# How to care for goats with coccidiosis?



## MrsCowher (Oct 15, 2012)

I just returned home from the vet. The vet was in emergency surgery with a cat so he couldn't give the attention my goats' fecal tests deserved. I was told twice, though, that they were seeing a couple of different things and definitely some cocci. I am supposed to get a phone call from the vet later today so he can talk to me about what he finds and what I can do.

I know that a lot of you have gone through this before. I would very much like to know how it's going to be, living with 4 goats with coccidiosis. How often will I need to treat them and with what?
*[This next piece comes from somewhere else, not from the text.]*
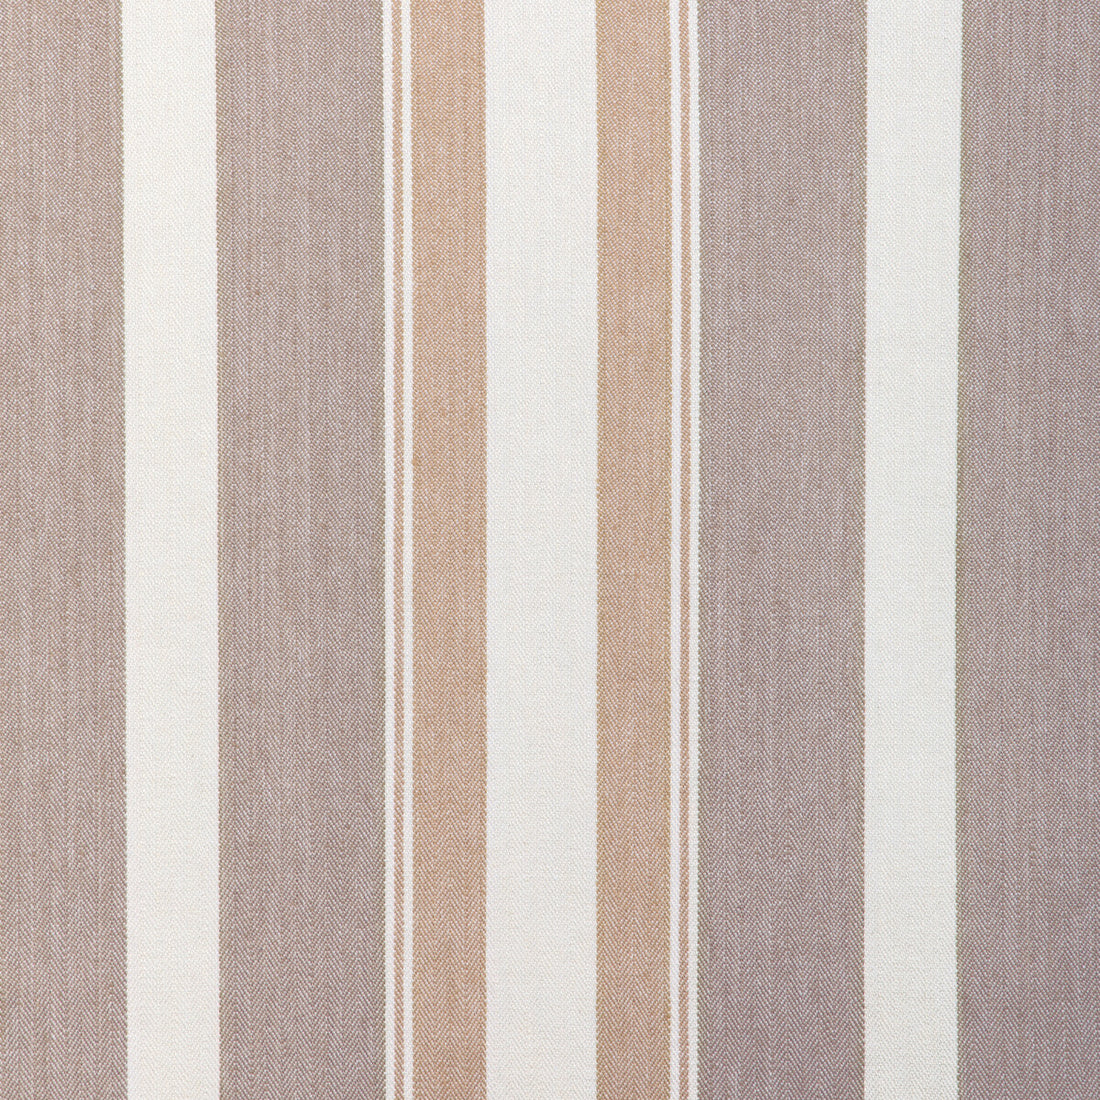 Natural Stripe fabric in wheat color - pattern 36863.16.0 - by Kravet Couture in the Atelier Weaves collection
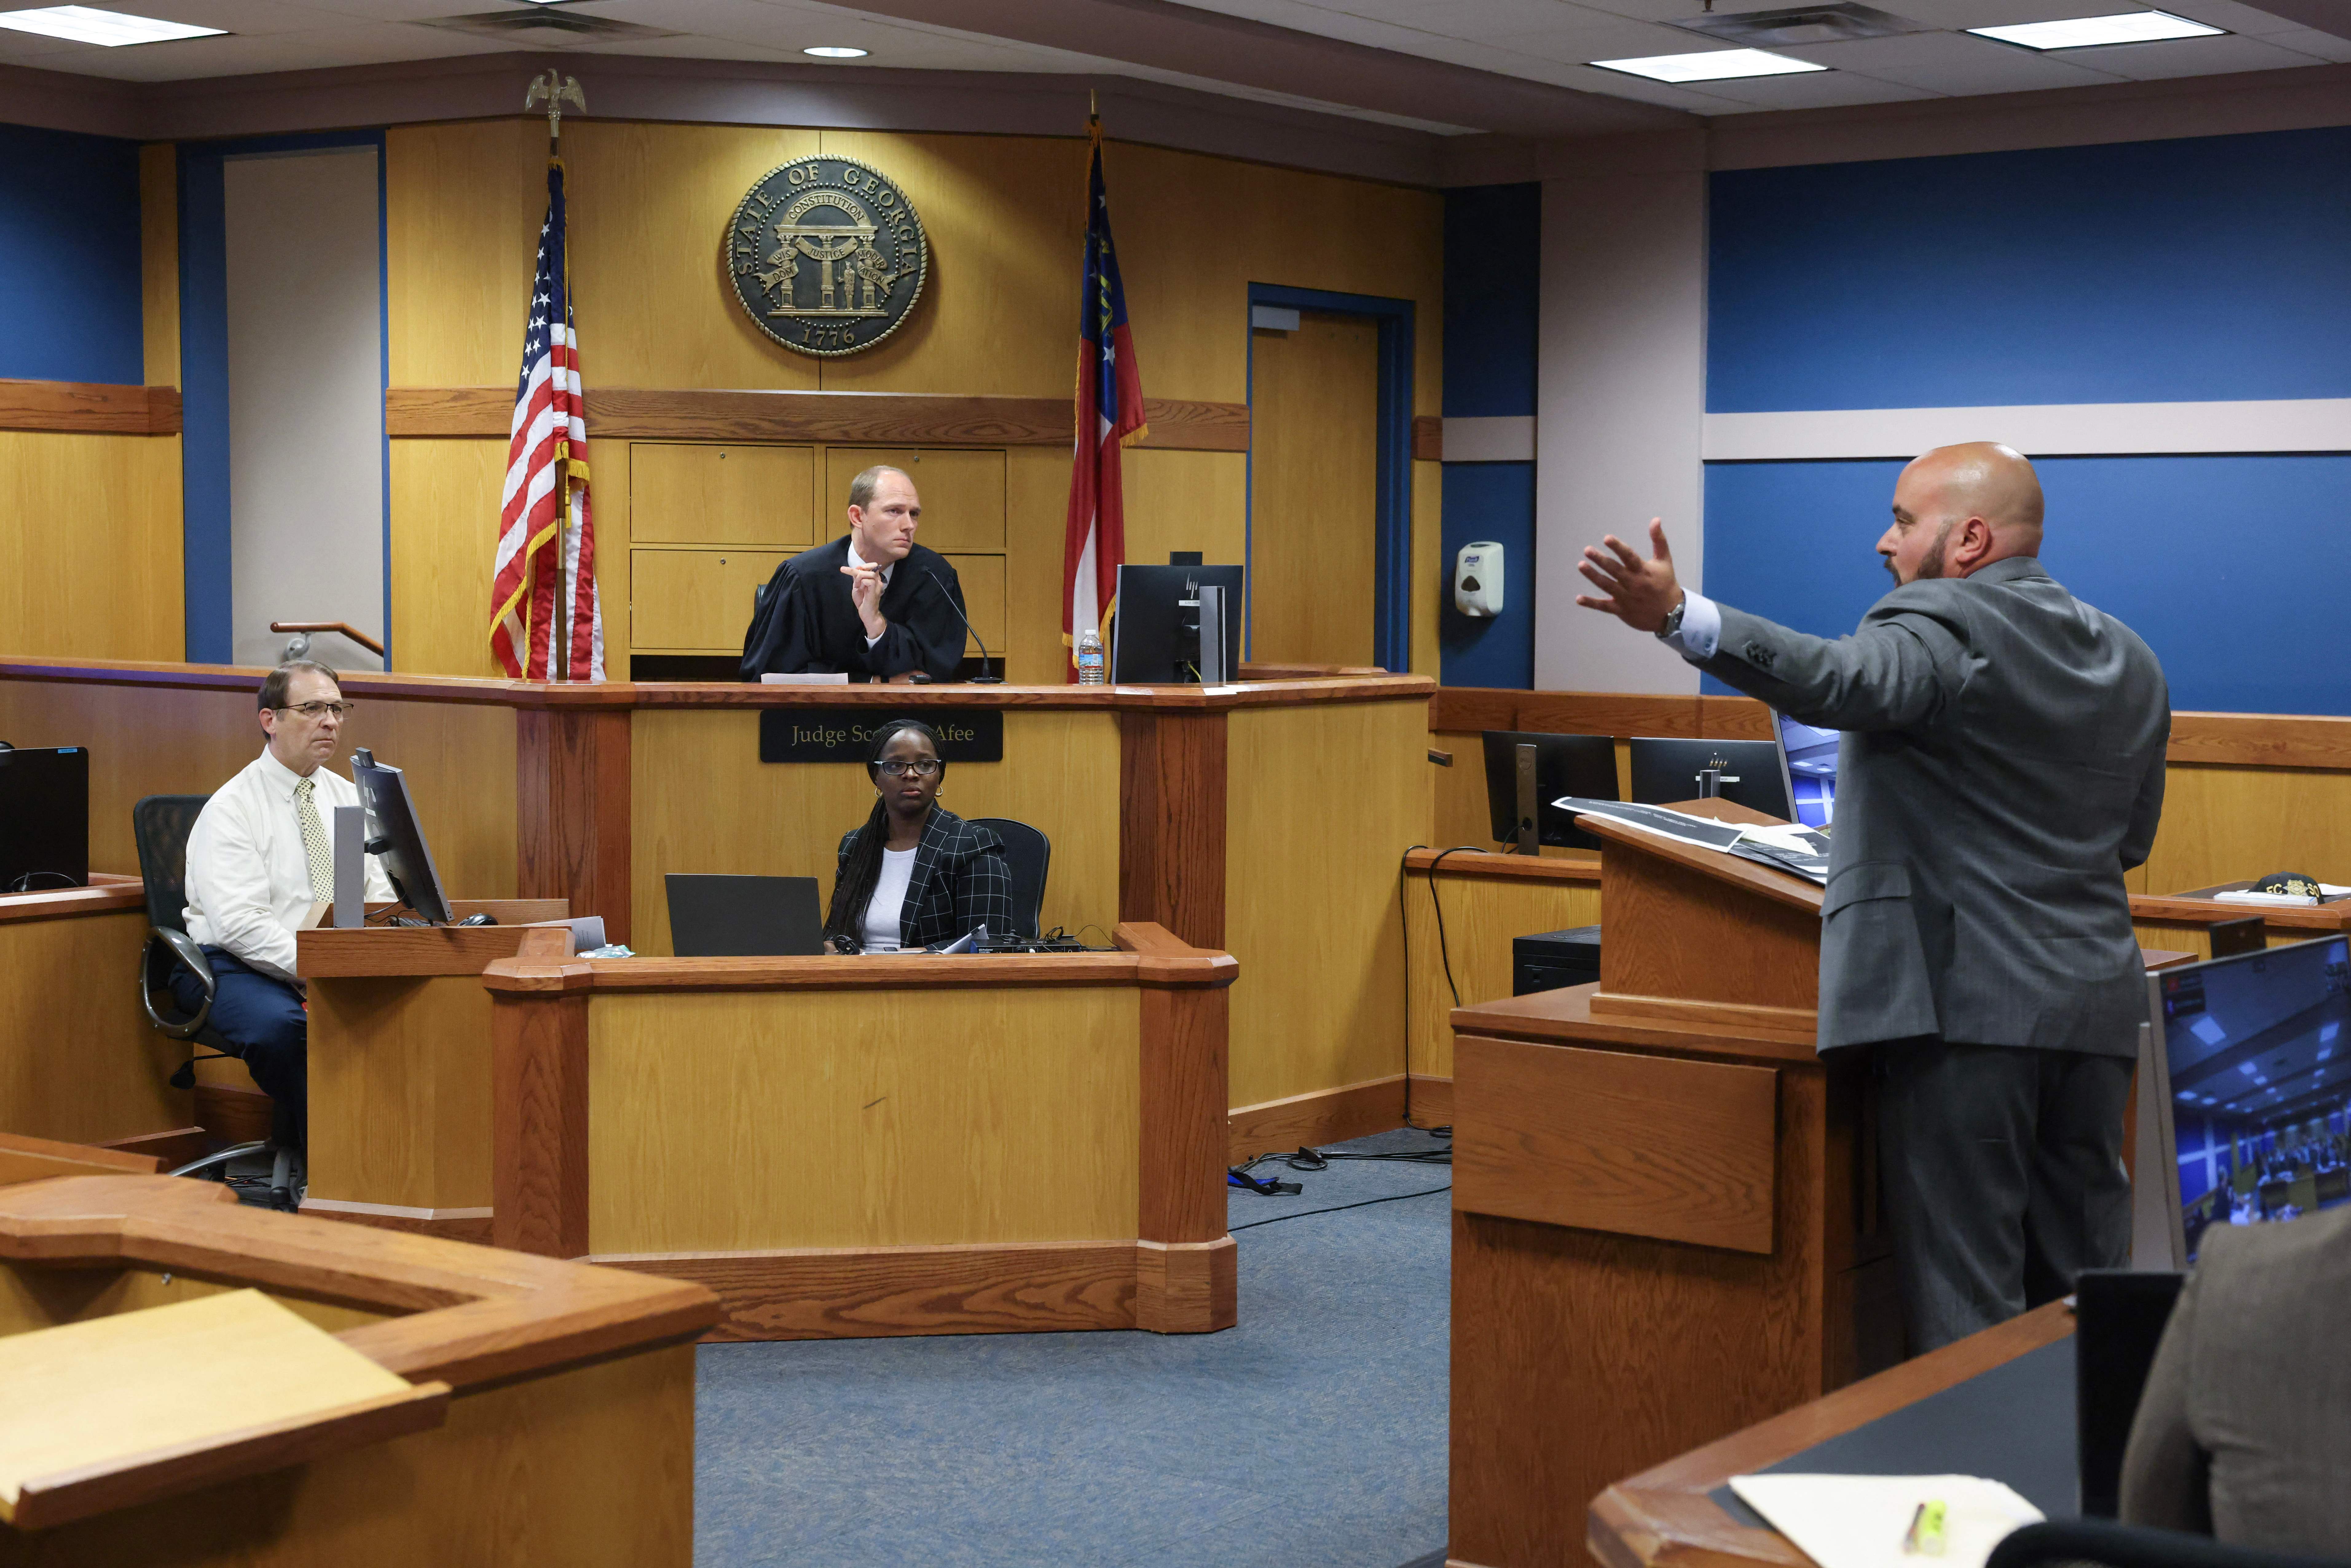 courtroom trial

Will they continue to have diarrhea? What chance do my 2 girls born in July and my girl born in June have? How long do goats with this usually live?

Please offer any advice you have and let me know if there is anything that Tractor Supply offers to ease any pain the goats will have later. They act completely fine now. They have healthy appetites and are playful. 

I have two bottles of Di-Methox on the way.


----------



## elevan (Oct 15, 2012)

http://www.backyardherds.com/web/viewblog.php?id=2607-coccidia-goat


----------



## Roll farms (Oct 15, 2012)

I would give the Di Methox for 7 days this first time, then repeat after 21 days, and have another fecal ran.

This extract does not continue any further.